(ATTN: UPDATES with DAPA's press release in paras 4-7)
By Song Sang-ho
SEOUL, July 19 (Yonhap) -- South Korea's homegrown KF-21 fighter successfully carried out its first flight test Tuesday, around 6 1/2 years after its mammoth development project kicked off despite skepticism over technological obstacles, cost effectiveness and other feasibility questions.
At the Air Force's 3rd Flying Training Wing in Sacheon, about 300 kilometers south of Seoul, the warplane took off, signaling South Korea is on course to join an elite club of seven countries that have locally developed supersonic fighter jets.
The maiden flight under the 8.8 trillion-won (US$6.67 billion) project came as the nation has been pushing to replace its aging fleet of F-4 and F-5 fighters with the high-end jet and bolster its airpower to counter North Korea's evolving nuclear and missile threats.
"This is the moment when South Korea's capabilities to develop the high-tech 4.5-generation fighter jet came to realization with this first flight," the state Defense Acquisition Program Administration (DAPA) said in a press release.
"As we got a step closer to the successful development of the homegrown fighter, this symbolizes a new leap in the domestic aviation technology and a rise of the strong high-tech military," it added.
The KF-21 took off at 3:40 p.m. and landed at 4:13 p.m. for the first airborne test, according to DAPA.
The authorities had initially planned to conduct the test in the morning but delayed it by several hours due to weather conditions.
South Korea first envisioned the jet development project in November 2000, when then President Kim Dae-jung unveiled the nation's hope to become an advanced fighter manufacturer by 2015 at a ceremony rolling out the KT-1 indigenous trainer aircraft.
The project took a baby step in November 2002, when the Joint Chiefs of Staff made a long-term plan to develop a high-end fighter whose capabilities go beyond the KF-16 fighter and deliver around 120 units.
But skepticism was still rampant. The two state-run agencies -- the Korea Institute for Defense Analyses and the Korea Development Institute -- concluded in their separate analyses in 2003 and 2007, respectively, that the project was not feasible.
However, the project got much-needed momentum in 2009, when another government-commissioned study by Konkuk University concluded the fighter development scheme was economically feasible.
The government then proceeded with an initial research process from 2011-2012 and decided in 2013 on a detailed plan for the fighter project, including the required operational capabilities and the target deployment period.
As widely anticipated, the issue of securing key fighter technologies remained a tough challenge.
The South initially sought to secure key technologies for four critical pieces of equipment -- an active electronically scanned array (AESA) radar system, infrared search and track (IRST) system, electro-optical tracking pod (EO TGP) and radio frequency (RF) jammer -- from the United States.
The U.S.' answer to the request in April 2015 was negative, forcing the South to focus on domestically developing the required technologies.
Despite the technological uncertainties, DAPA signed a fighter development contract with Korea Aerospace Industries Ltd. (KAI), the country's sole aircraft maker, in December 2015.
In the first phase of the project costing 8.1 trillion won, Indonesia participated as a partner under a deal to shoulder 20 percent of the amount.
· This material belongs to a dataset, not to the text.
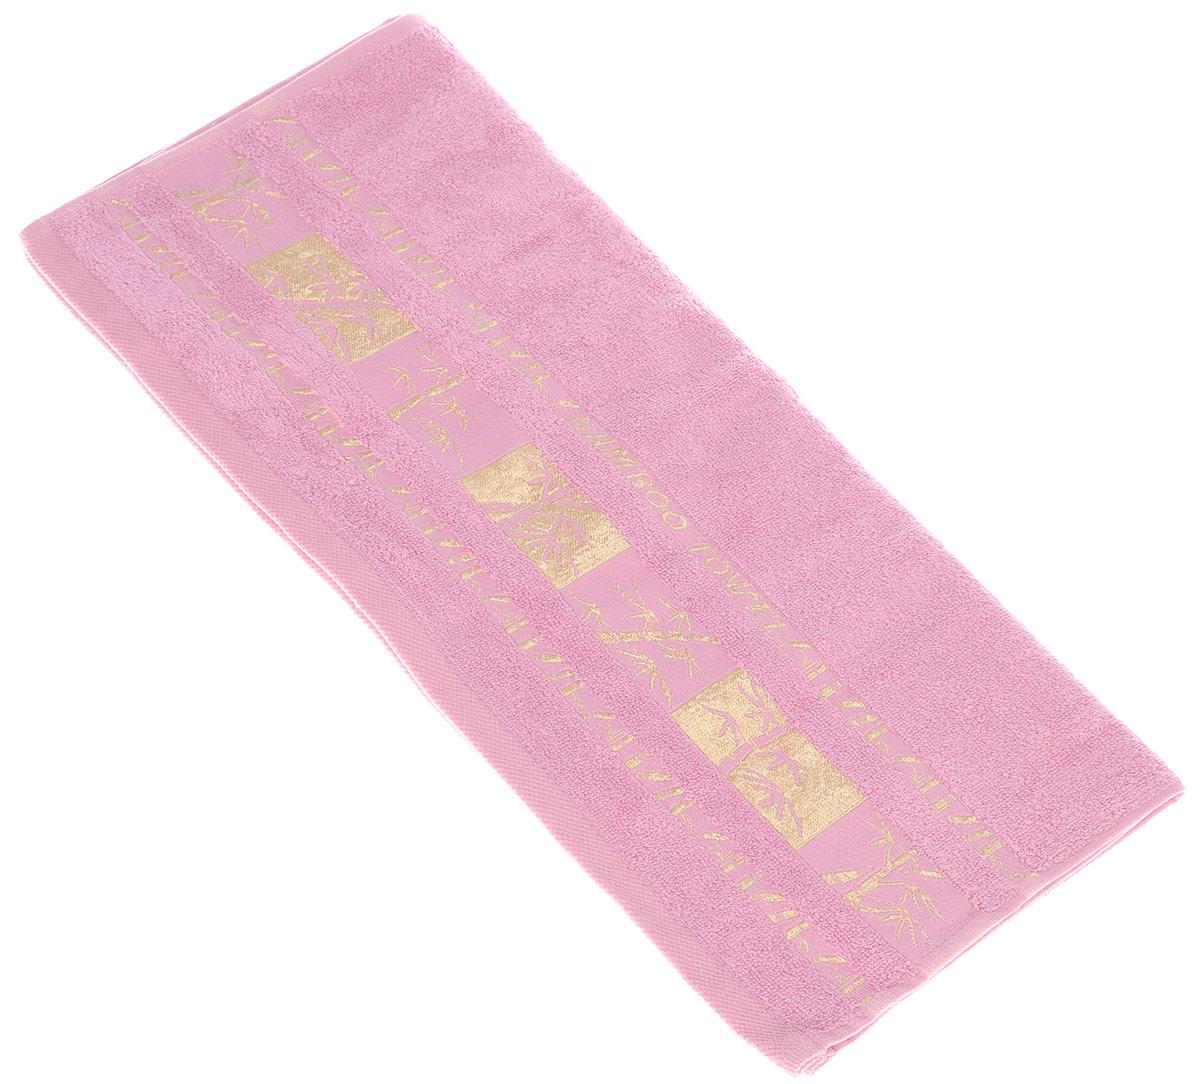 Полотенце Brielle Bamboo Gold, цвет: розовый, 50 х 90 см68/5/3Полотенце Brielle Bamboo Gold выполнено из бамбука с содержанием хлопка. Изделие очень мягкое, оно отлично впитывает влагу, быстро сохнет, сохраняет яркость цвета и не теряет формы даже после многократных стирок. Одна из боковых сторон оформлена оригинальным рисунком и надписью. Полотенце Brielle Bamboo Gold очень практично и неприхотливо в уходе. Такое полотенце послужит приятным подарком.
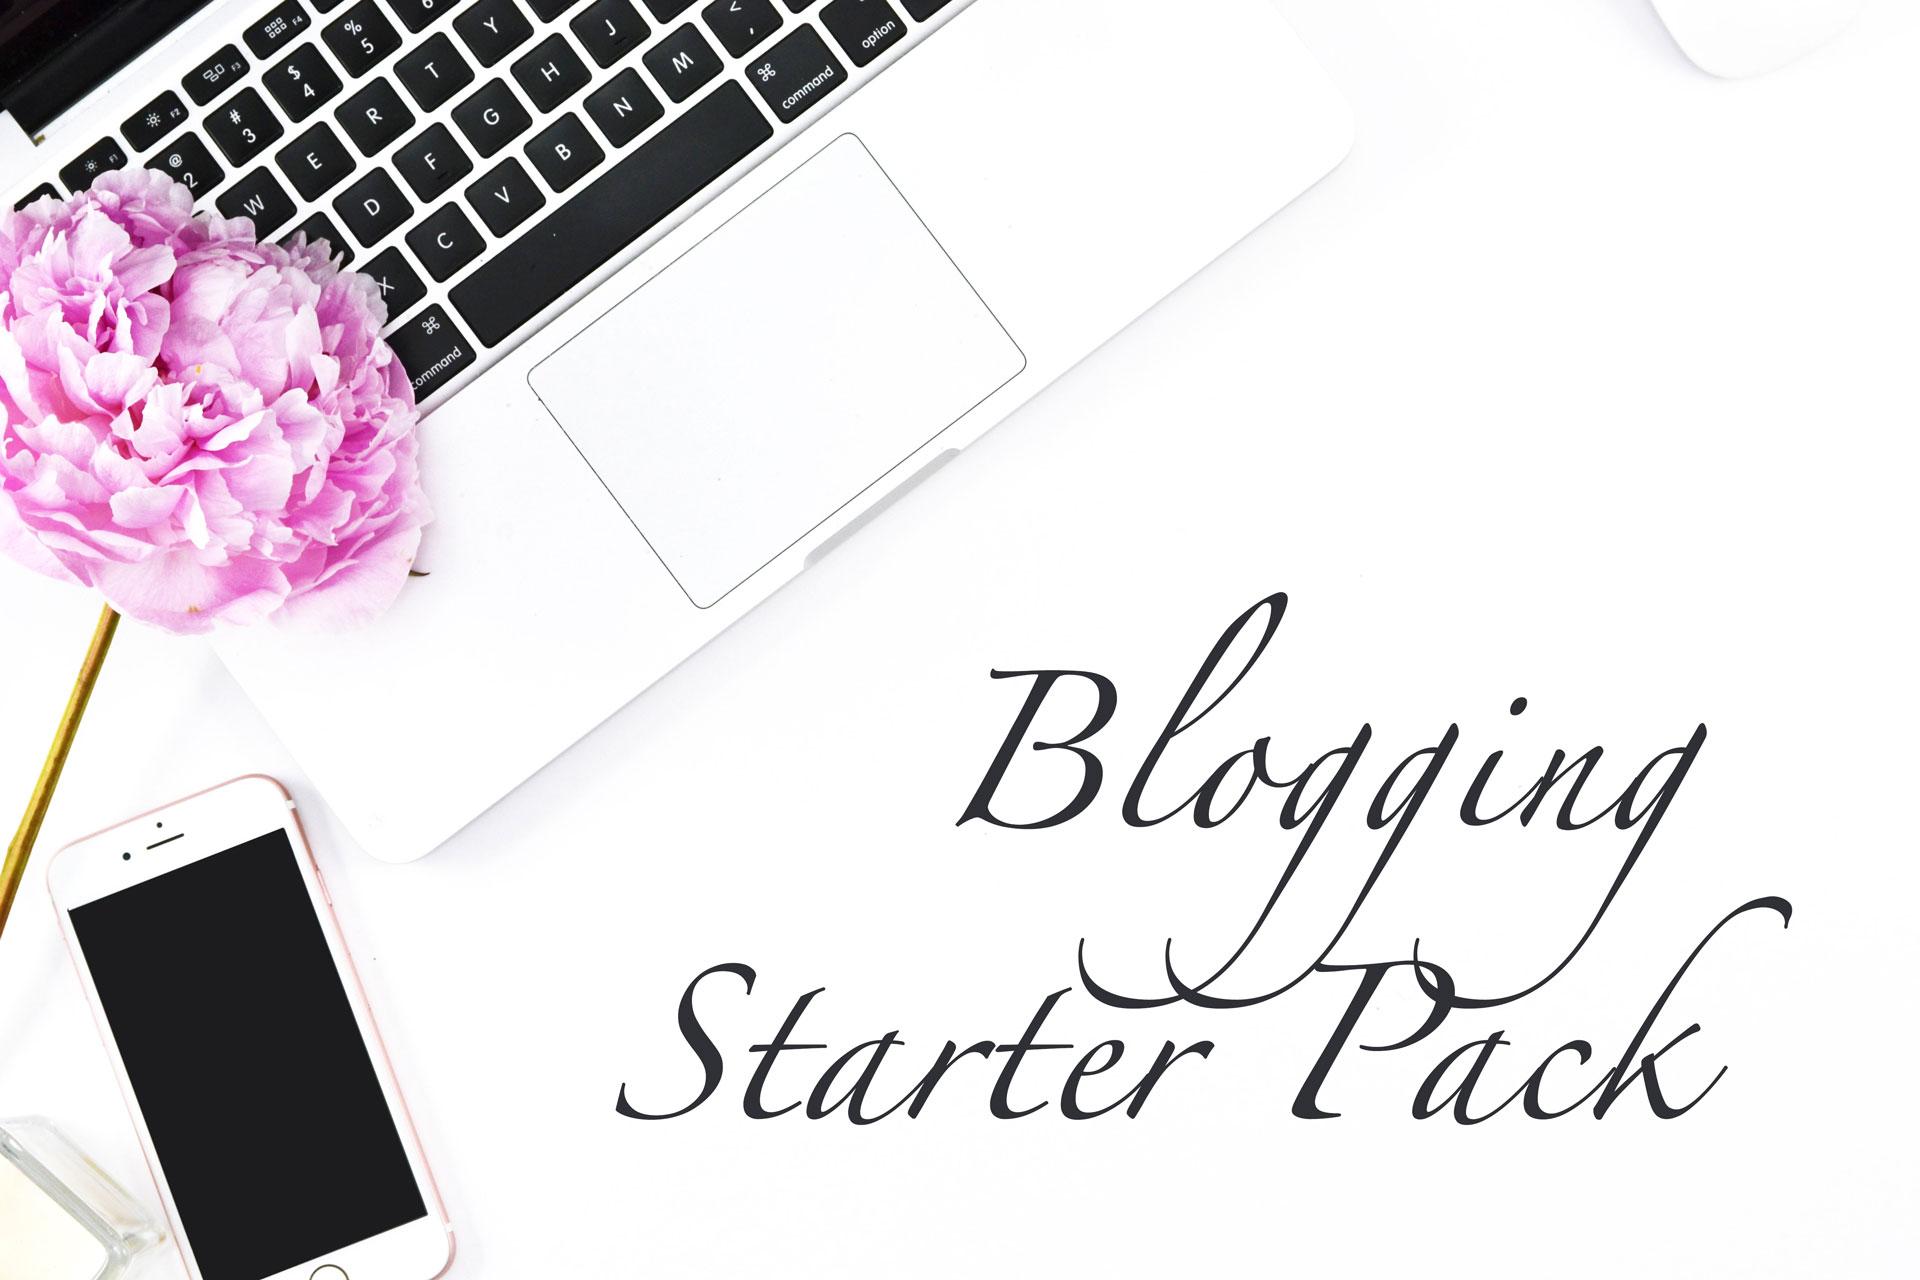 Blogging Starter Pack

Following the first phase to develop the overall fighter system by 2026, the second phase costing 700 billion won runs through 2028 to conduct armament tests.
Initial skepticism over the project turned into optimism as local defense firms have successfully proceeded with the development of technologies required for the four key pieces of equipment at the core of the fighter's battle operations.
Hanwha Systems Co. has been on track to develop the AESA radar system, with its prototype unveiled in August 2020, four years after the launch of the radar development effort.
The AESA system can detect and track multiple targets simultaneously and extensively, as the beam of radio waves is electronically steered to points in different directions without moving the antenna.
Hanwha Systems has also been in charge of developing the IRST and EO TGP. The IRST system is designed to detect and track objects that give off infrared radiation, while EO TGP is for identifying targets and guiding precision munitions like laser-guided bombs.
LIG Nex1 has been working on developing the fighter's electronic warfare (EW) suite, including the RF jammer designed for the disruption of radio signals.
The 4.5-generation fighter will be equipped with air-to-air missiles, such as the AIM-2000 by Germany-based Diehl and the Meteor by Europe's MBDA.
So far, five KF-21 prototypes have been rolled out for testing purposes with the sixth due out sometime this month. The prototypes are scheduled to conduct a combined 2,000 sorties or more to finish the overall fighter development by 2026.
Other than such testing procedures, the KF-21 project faces other hurdles, such as Indonesia's overdue payments.
From 2026-2028, KAI plans to manufacture the initial units of the KF 21 Block I.